18.6 Specialised data structures

There are two data structures and one special symbol that we need to cover for the sake of completeness. They are not usually important in practice.

18.6.1 Pairlists

Pairlists are a remnant of R’s past and have been replaced by lists almost everywhere. The only place you are likely to see pairlists in R66 is when working with calls to the function function, as the formal arguments to a function are stored in a pairlist:

f <- expr(function(x, y = 10) x + y)

args <- f[[2]]
args
#> $x
#> 
#> 
#> $y
#> [1] 10
typeof(args)
#> [1] "pairlist"

Fortunately, whenever you encounter a pairlist, you can treat it just like a regular list:

pl <- pairlist(x = 1, y = 2)
length(pl)
#> [1] 2
pl$x
#> [1] 1

Behind the scenes pairlists are implemented using a different data structure, a linked list instead of an array. That makes subsetting a pairlist much slower than subsetting a list, but this has little practical impact.

18.6.2 Missing arguments

The special symbol that needs a little extra discussion is the empty symbol, which is used to represent missing arguments (not missing values!). You only need to care about the missing symbol if you’re programmatically creating functions with missing arguments; we’ll come back to that in Section 19.4.3.

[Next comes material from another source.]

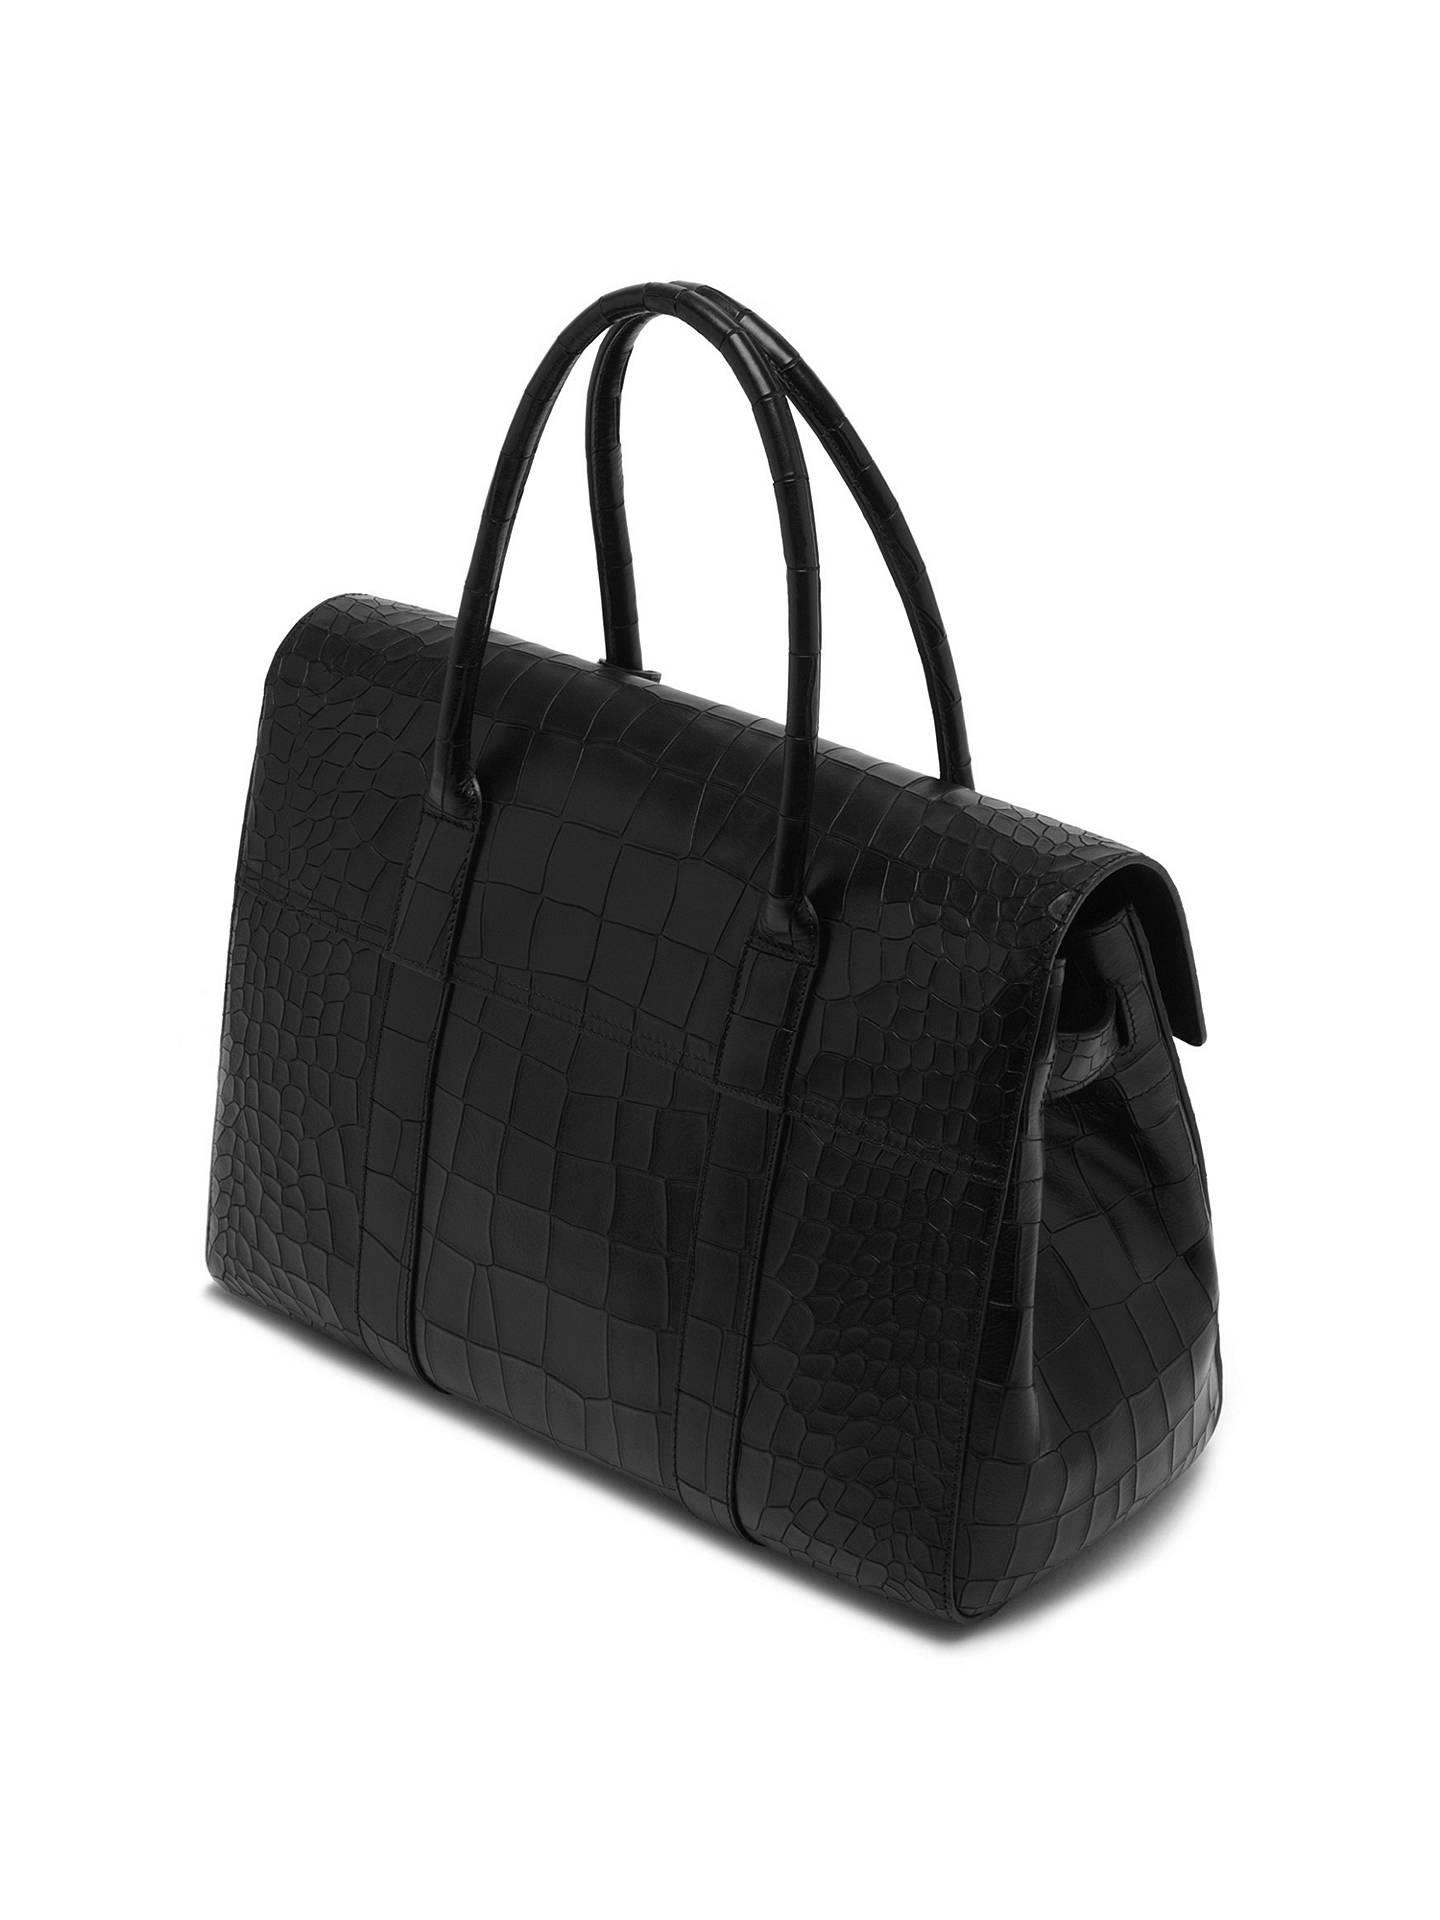 ... handbag croc choc mulberry bayswater 1a653 9053c  czech buymulberry bayswater  leather croc print bag black online at johnlewis 7bce5 ac860 9cc6d821d6154

You can make an empty symbol with missing_arg() (or expr()):

missing_arg()
typeof(missing_arg())
#> [1] "symbol"

An empty symbol doesn’t print anything, so you can check if you have one with rlang::is_missing():

is_missing(missing_arg())
#> [1] TRUE

You’ll find them in the wild in function formals:

f <- expr(function(x, y = 10) x + y)
args <- f[[2]]
is_missing(args[[1]])
#> [1] TRUE

This is particularly important for ... which is always associated with an empty symbol:

f <- expr(function(...) list(...))
args <- f[[2]]
is_missing(args[[1]])
#> [1] TRUE

The empty symbol has a peculiar property: if you bind it to a variable, then access that variable, you will get an error:

m <- missing_arg()
m
#> Error in eval(expr, envir, enclos): argument "m" is missing, with no default

But you won’t if you store it inside another data structure!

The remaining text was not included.